Consumer trends shift rapidly. In the past five years, demand for protein fortification in beverages, snacks, and even culinary bases has gone mainstream, not just with vegans but across health-conscious families, athletes, and seniors. Mushroom-derived protein, in our daily manufacturing, proves to be one of the most versatile, stable, and easy-to-incorporate options for formulators chasing cleaner labels. This trend shows no sign of slowing, highlighted by the surge in plant-based product launches and persistent interest from both direct-to-consumer brands and established multinationals.
Continuous investment in equipment and process optimization keeps us ahead of the curve as standards keep rising. Our R&D team tests new extraction and drying technologies every year to improve yield, minimize off-taste, and further enhance nutrient retention. Supply partners come to us with updated cultivars and substrate mixes, seeking practical feedback on extraction touchpoints that translate directly into higher yield and reduced inputs. This open-door relationship helps co-create value, not only for us but for everyone down the supply chain—farmers, product developers, and end users alike.
Education plays a role, too. Many product formulators still default to what’s familiar—soy, pea, or milk derivatives—largely because older supply chains built scale and stable specs over decades. As part of our outreach, we run hands-on pilot plant trials for food technologists and nutritionists, comparing finished products side by side and providing actionable, real-world data. Side-by-side comparisons regularly demonstrate mushroom protein’s smoother mouthfeel, better dispersion, and more neutral flavor profile. We encourage food scientists to observe these differences first-hand and report them back to their stakeholders with confidence.
Traceability and food safety trace all the way back to the farm. We’ve standardized grower records, full pesticide input tracking, and residue analysis for every major lot of mushrooms. Customers can see a product’s journey from field to finished powder with a transparent chain of documentation—an ongoing commitment that prevents shortcuts, adulteration, and food fraud. In recent years, high-profile recalls and scandals have reminded everyone in the supplement and food space that one weak link can bring a brand to its knees. We take no shortcuts: investment in traceability pays real dividends in trust and repeat business.
Supplying mushroom protein powder means stewardship of the entire process, not just commodity production. In our experience, consistent quality, clean labeling, and performance in finished products mean more than promises or catchphrases. Our partners demand and deserve reliable documentation, responsive service, and willingness to address issues as they arise. Feedback operates both ways; some of our best process adjustments have come from customer input, achieved by staying receptive and adaptable.
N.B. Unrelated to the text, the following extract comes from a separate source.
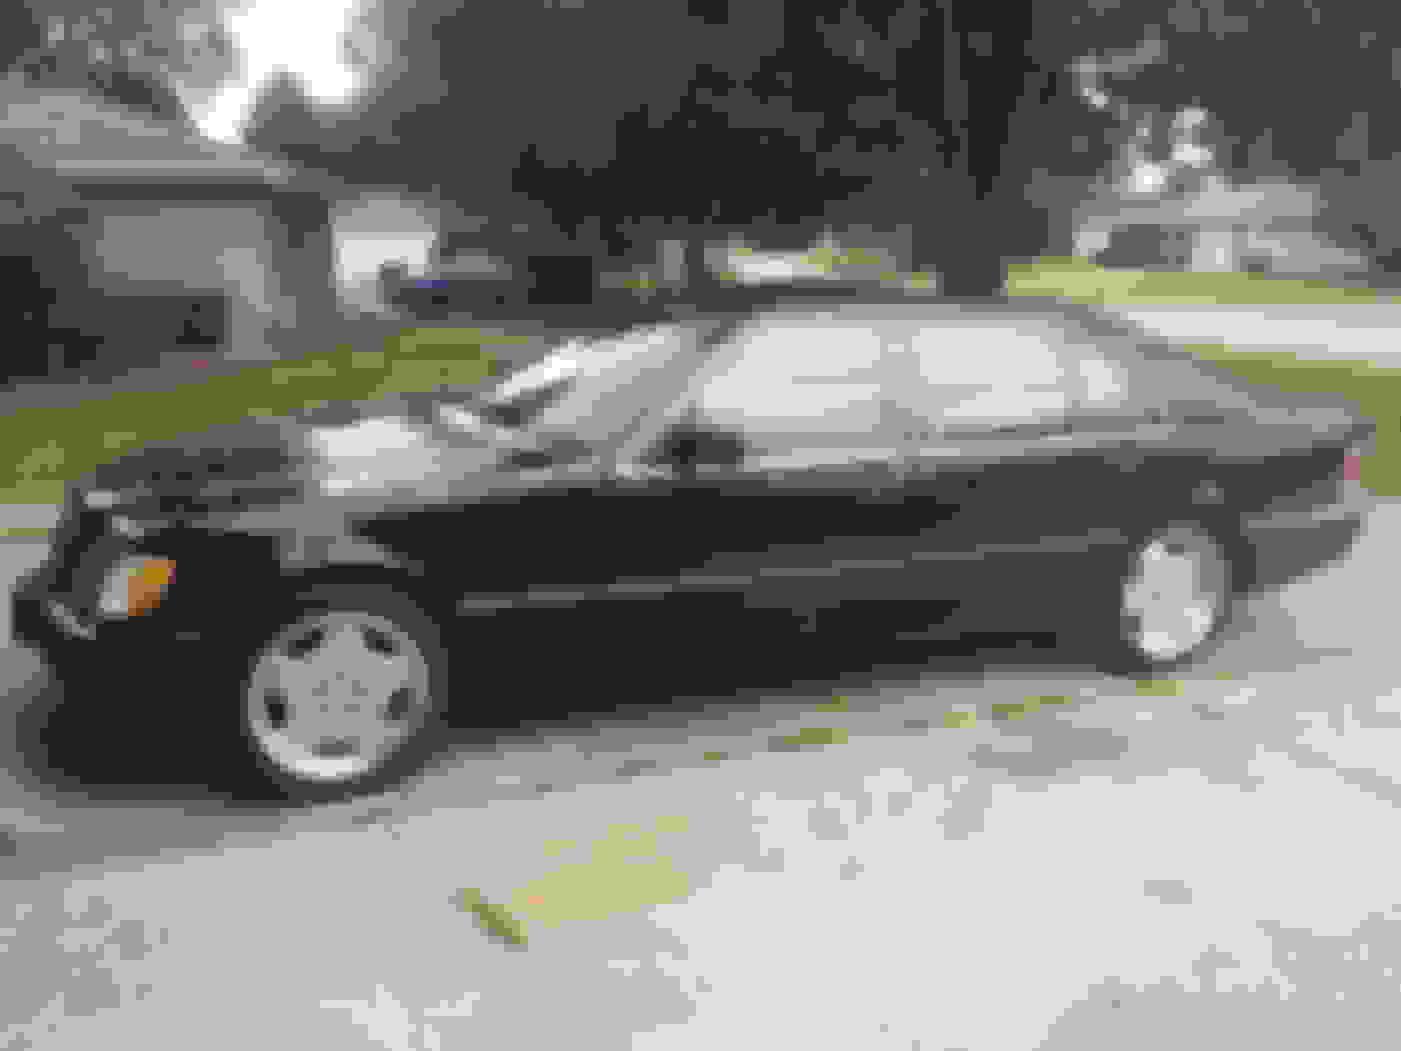 1995 Mercede S420 Fuse Box Location - Wiring Diagram Schema

From our vantage point as a manufacturer, the market for quality protein is only getting larger and more sophisticated. End consumers read labels more closely and search for supplier verification, while regulatory oversight catches up to match. With every batch, we apply lessons from previous years, refining our approach to meet customer needs. As a result, our mushroom protein powder stands as a testament to careful supply chain stewardship, technical innovation, and open communication—qualities a changing food world now expects from every serious ingredient producer.